I'm pointing out that perpetual warfare is the human condition and that the world we're living in today is the most peaceful we've known in all of human history. That provides very strong and direct evidence that whatever we've been doing between 1945 and 2020 is helping.
> I'm afraid there really is no getting to people this belligerent and jingoistic about the matter, I just wonder how long you'd hold that point of view if it was you and those you care about on the front lines fighting these needless banker wars.
Don't presume to know anything about me. Leave the personal bullshit out of it. We both want the same thing.

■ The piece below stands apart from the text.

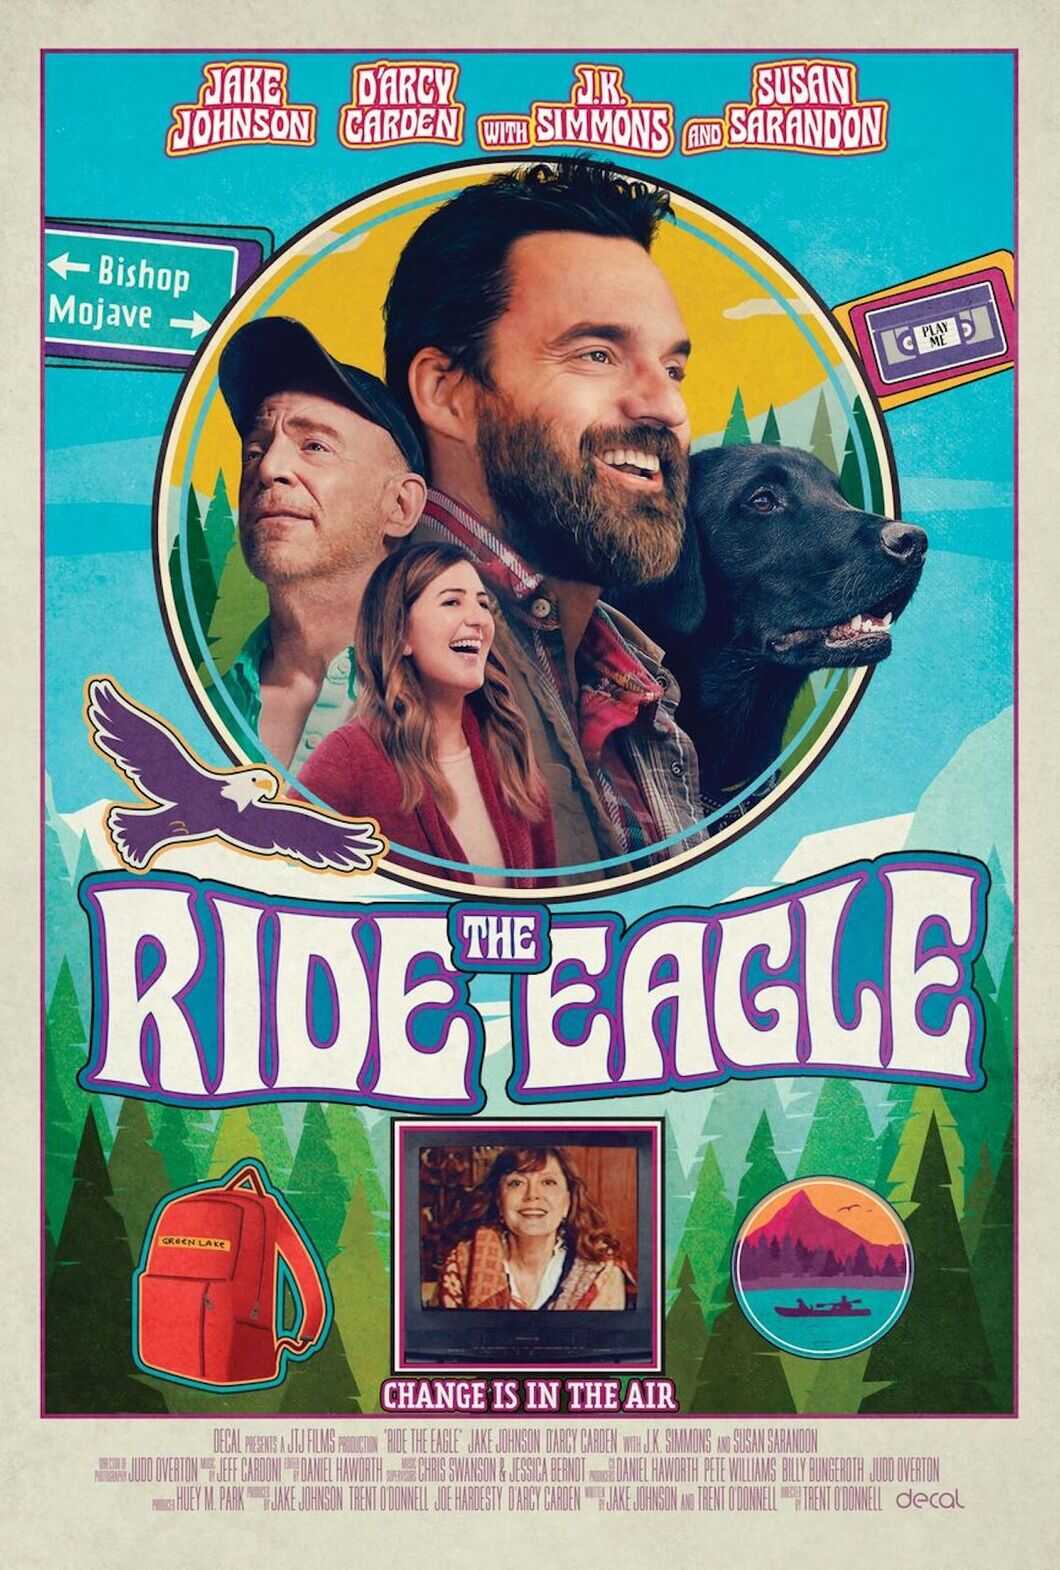 Theatrical poster for Ride The Eagle (2021) directed by Trent O'Donnell and starring Jake Johnson, Susan Sarandon, and J.K. Simmons.

It's just that the historical record provides very direct evidence that hegemons--be they Roman, Chinese, Mongol, British, or American--can sustain longer periods of peace than any balance of power ever can.
> Only because your initial argument was based on the notion that the dark ages awaited us if the US pulled out of trade route protection in its attempts to fill the vacumm left behind Rome, when in reality that it's clearly not true
I entered this thread after your false claim that “the US didn't intervene” in Somali piracy. It’s not my fault you got that point of fact wrong. It’s also not my fault that you refuse to concede that point of fact and make inappropriate assumptions about my personal motivations. The only thing you are proving is your own inability or refusal to disagree in good faith.

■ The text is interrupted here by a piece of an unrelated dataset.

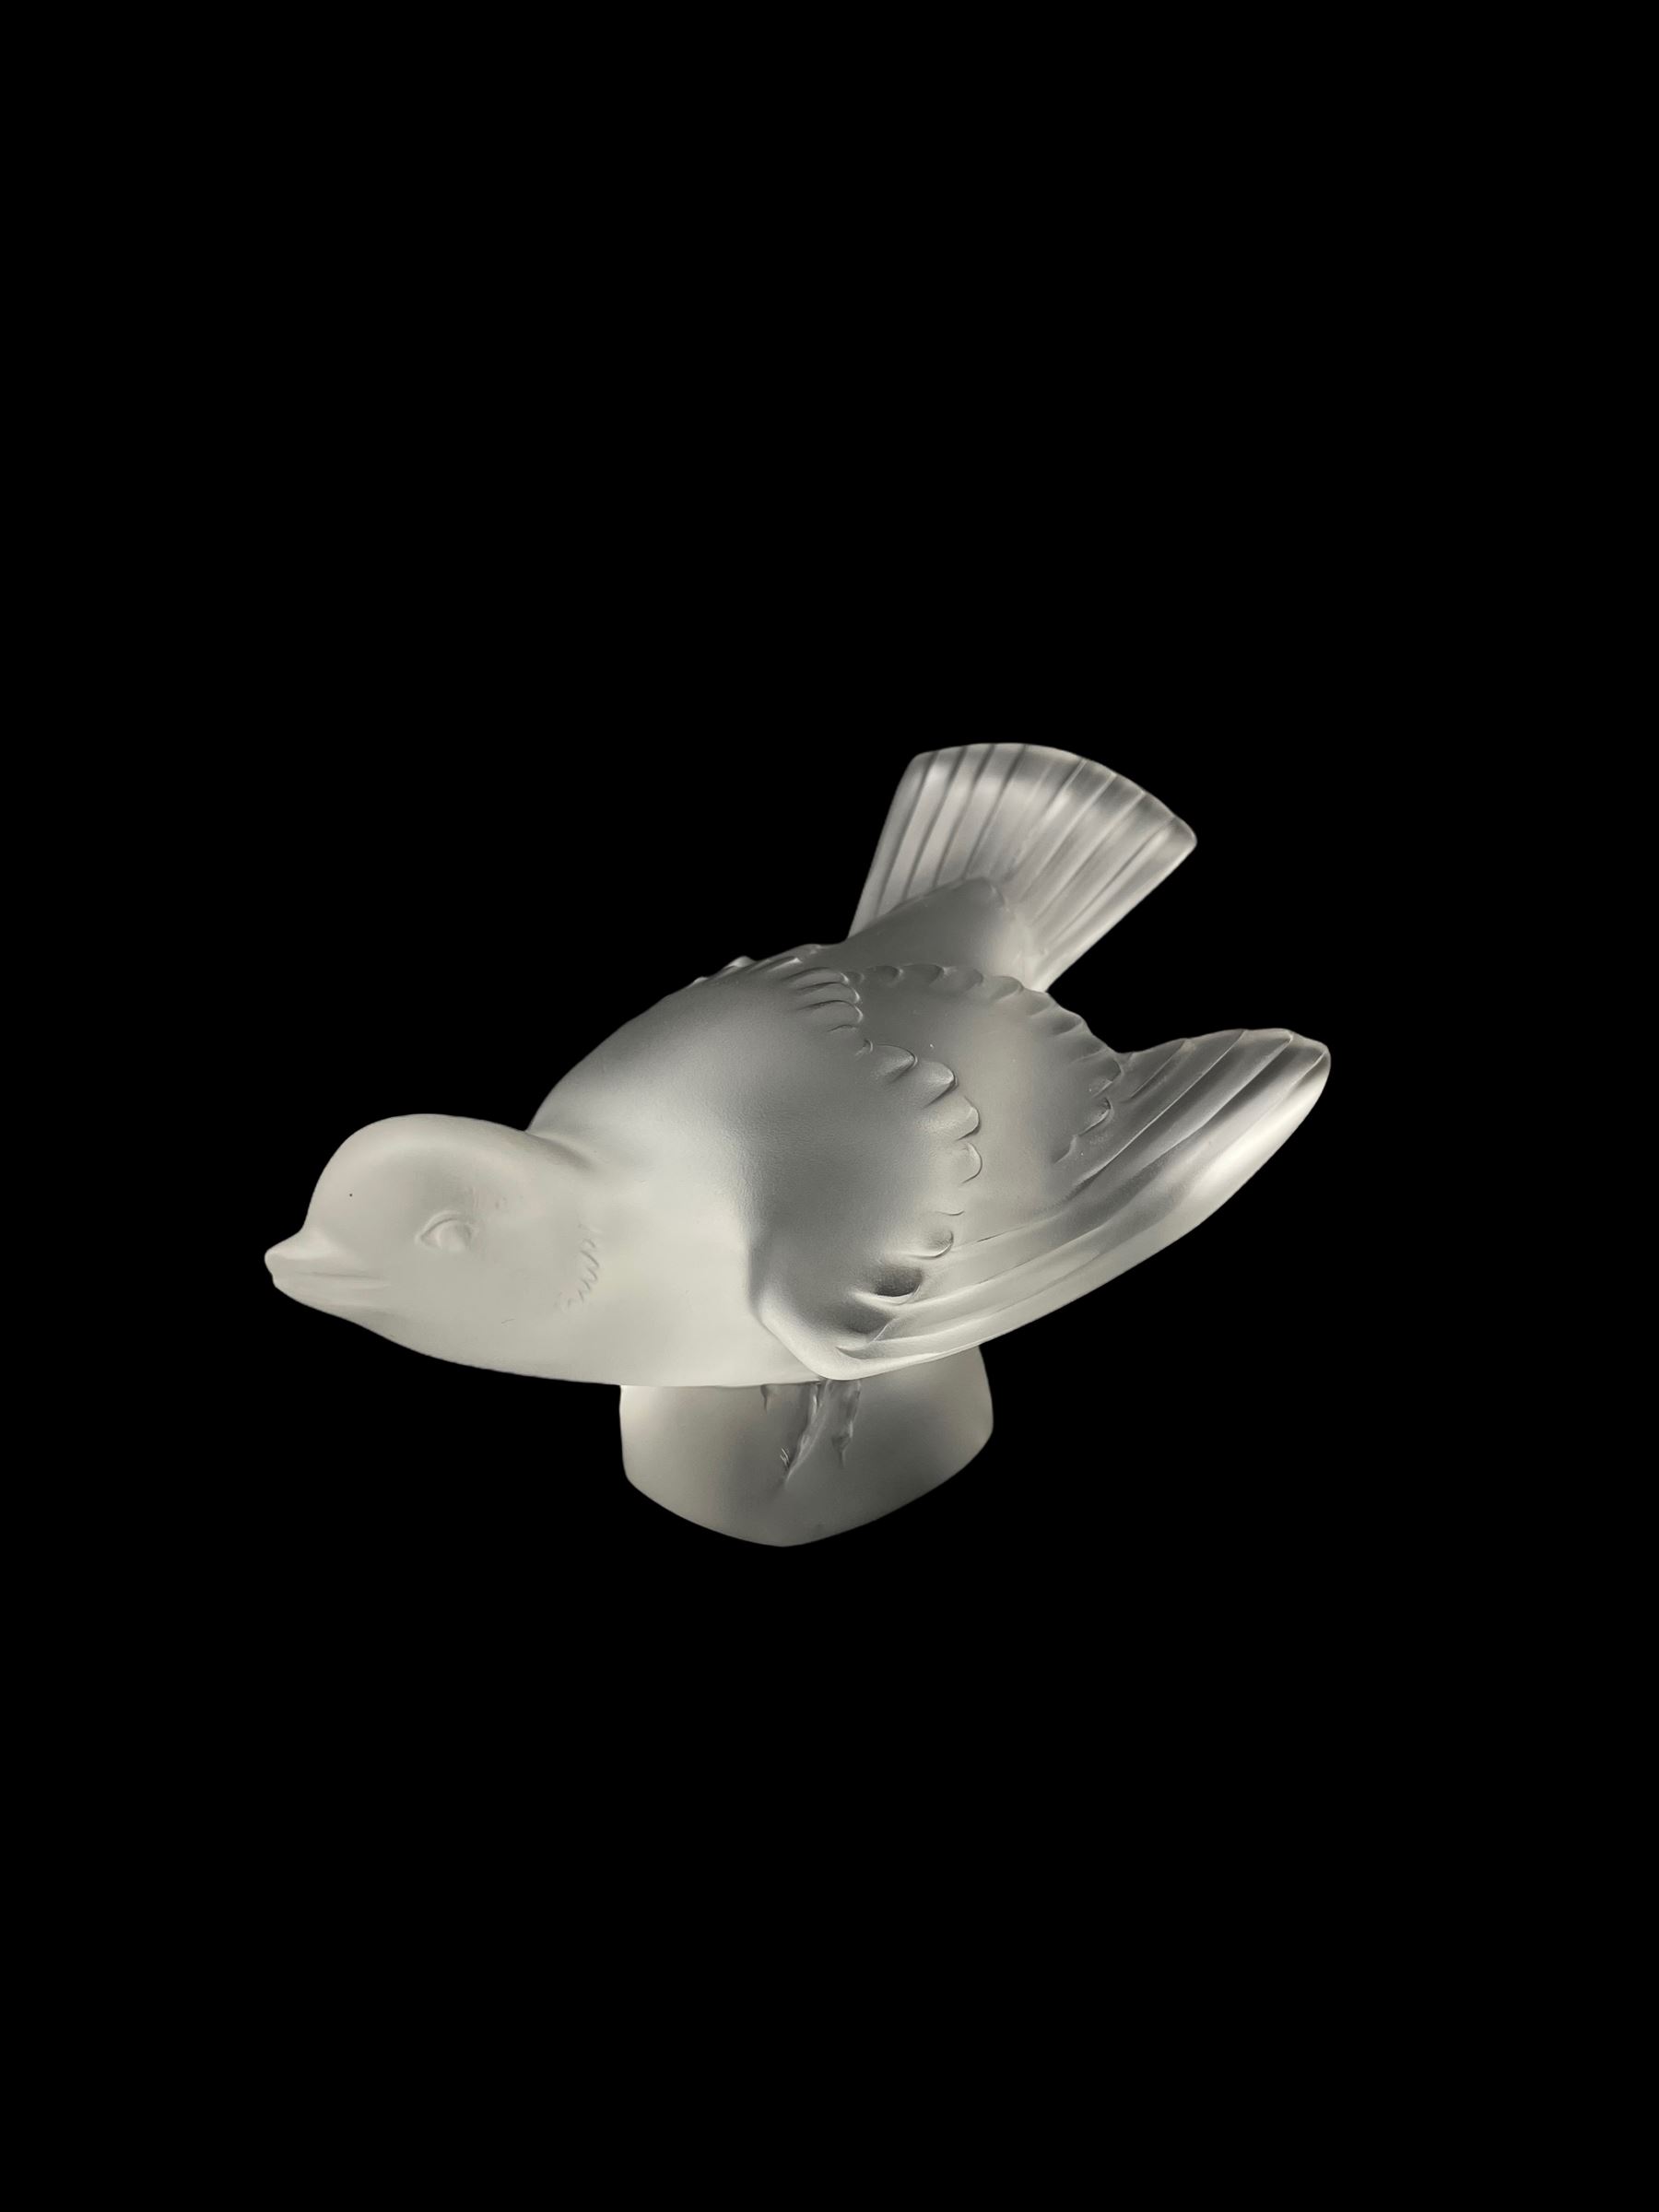 Lalique frosted glass model of a Sparrow with wings splayed

And Spain fought for independence/Reconquista for 780 years against Moorish occupation of Iberia, the Sengoku Jidai lasted 148 years of internal civil war. I'm really not sure what else you're trying to achieve other than deflecting from the point that we don't have to abide by this mode of operation moving forward and trying to one-up your understanding of Imperial conflicts form the past isn't proving as effective as you think it is.
That fact that it occurred is not being denied, no one is disputing this took place. It just isn't in the US' People's interest to do this given the alternative that exist today. I'm come for a military family, I lived near the biggest Marine Base camp in the US: I've seen first hand the consequences of these campaigns, there is no glory in it just a long list of sad casualties and injured people on the US side.
> It's more than zero, which is what you made it out to be.
Only because your initial argument was based on the notion that the dark ages awaited us if the US pulled out of trade route protection in its attempts to fill the vacumm left behind Rome, when in reality that it's clearly not true... But if you wish me to clarify: yes, US joint coalitions helped, in conjunction with other Global partners participation, re-commandeer sea vessels lost to pirates.
> Yes, and I think it takes a completely willful or perhaps tendentious ignorance of history to claim otherwise.
You seem entirely fixed on the idea that it must continue this way so much you refuse for it to be any other way. Do you really think having this mindset is correct during a pandemic, mass economic crisis and global civil unrest while China is trying to expand its territory and illegally annex Hong Kong and eying up Taiwan, while playing bully in the South China Sea? This doesn't end well for Humanity if it does and could ensure we really do go extinct, Nuclear leaks have been detected in N. Europe from possible failures in Russia this week, do you really think Warfare is in any way a viable choice given all the problems we have going on? We still have Fukushima pouring nuclear contaminated water into the Pacific Ocean for what will soon be a decade in 9 months from now.
I'm afraid there really is no getting to people this belligerent and jingoistic about the matter, I just wonder how long you'd hold that point of view if it was you and those you care about on the front lines fighting these needless banker wars.